Album Type: Full Length
Date Released: 27/02/2015
Label: Nuclear Blast Records
‘Enki’ CD//DD//LP track listing:
1. Tempest Temper Enlil Enraged 6:32
2. The Pendulum Speaks 4:18
3. Lost Tribes 6:17
4. Multiple Truths 5:07
5. Enki Divine Nature Awoken 8:38
6. Metatron and Man 6:32
7. The Palm The Eye and Lapis Lazuli 4:08
8. Doorways to Irkala 8:00
9. The Outsiders 12:48
Ashmedi | vocals & guitar
Scorpios | bass
Scorpios | bass
Moloch | guitar
Lord Curse| drums
Lord Curse| drums
Album number six from these Assyrian authors of Mesopotamian metal. There are middle eastern inflections aplenty in this stellar production. ‘Tempest Temper Enlil Enraged’ sets a furious pace with spoken word sections and rhythmical ride work over the blast beats. The track settles into more palatable tempos. The vocals take on the traditional black metal screech for most of the track after the swirling intro. This is superior stuff. Much like Winterfylleth make a virtue and feature of Englishness, Melechesh use their heritage and conjure up perfectly desert sounds, and the swirling nature of sand storms and so on. This is black metal, but with more weighty riffs and some real heft to some of the passages- it goes far beyond fast picked noise.
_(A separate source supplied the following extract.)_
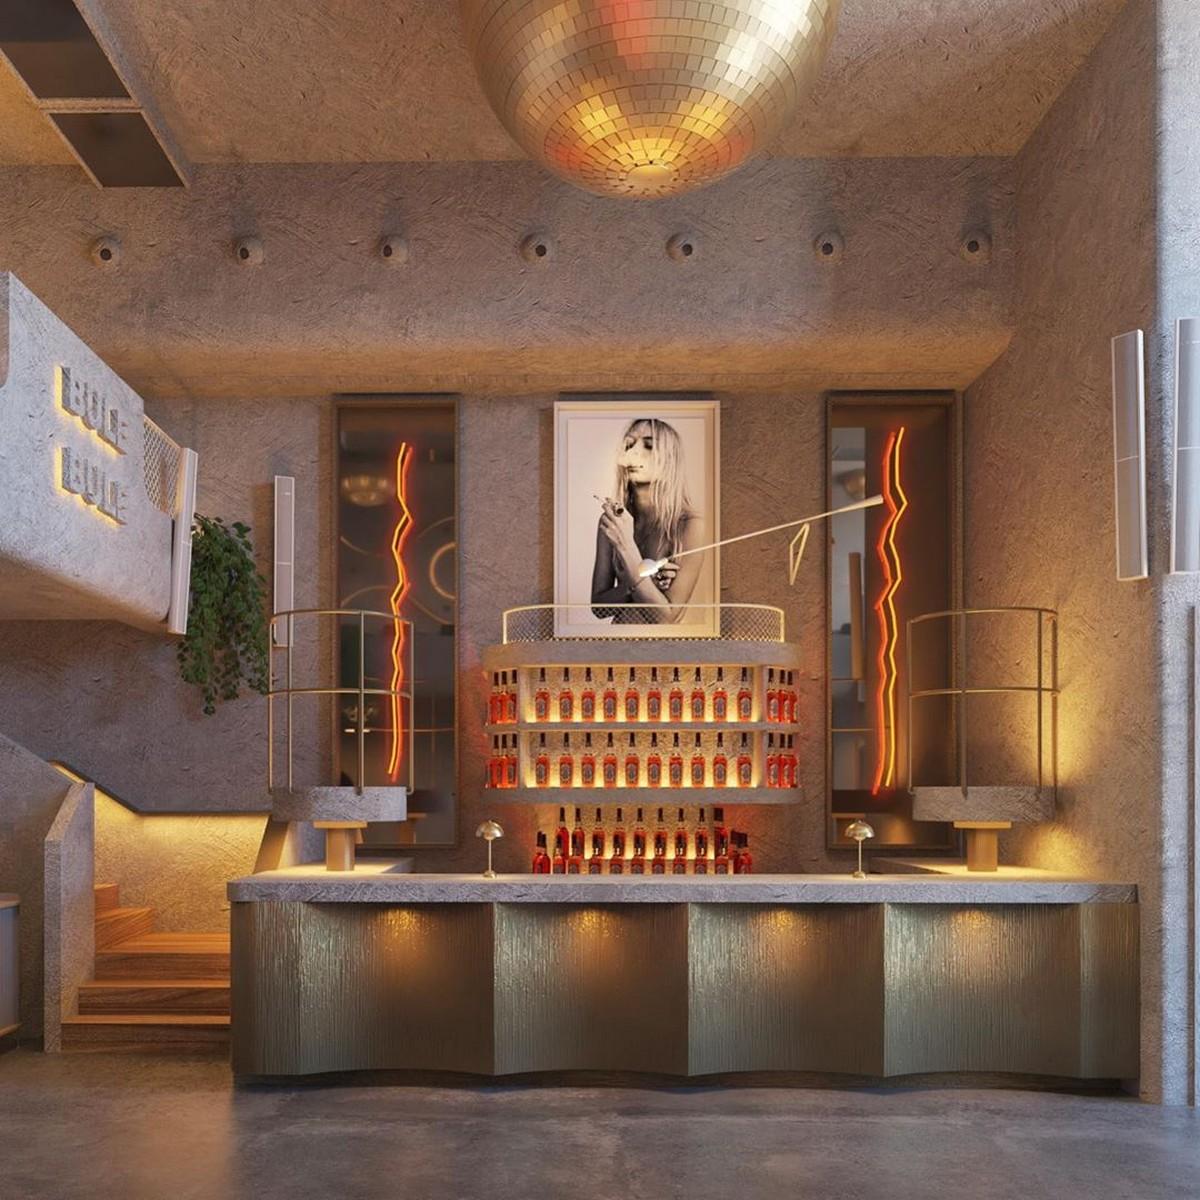 Estudio de Interiores: Madrid In Love es una referencia para Diseño de Interiores estudio de interiores Estudio de Interiores: Madrid In Love es una referencia para Diseño de Interiores 100937553 2702183216676474 1109685888737474470 n

‘The Pendulum Speaks’ has a lovely guitar interplay opening with more imaginative cymbal work abounding too- great sound. It is closer to a “traditional song structure” clocking in at four and a bit minutes. ‘Lost Tribes’ follows with all the drama that the title implies. The band is positively rocking on this one- heads will bang, that's for sure. The riffs are full of twists and turns, but they still manage to be easy to follow too. There are some Maiden-esque passages here and there along with much weightier fare. This is a ripper of a track and very, very metal. It is refreshing to hear a unique band with their own take on a sub-genre. I have not heard Melechesh before, but I guarantee that I will be listening to this a lot over the next year. Their back catalogue will most likely get explored too. The riffs are very heavy, the musicianship is advanced and the whole productions screams quality. The time changes come thick and fast on this one, add in some nifty lead breaks in the latter third and you have a complete metal package.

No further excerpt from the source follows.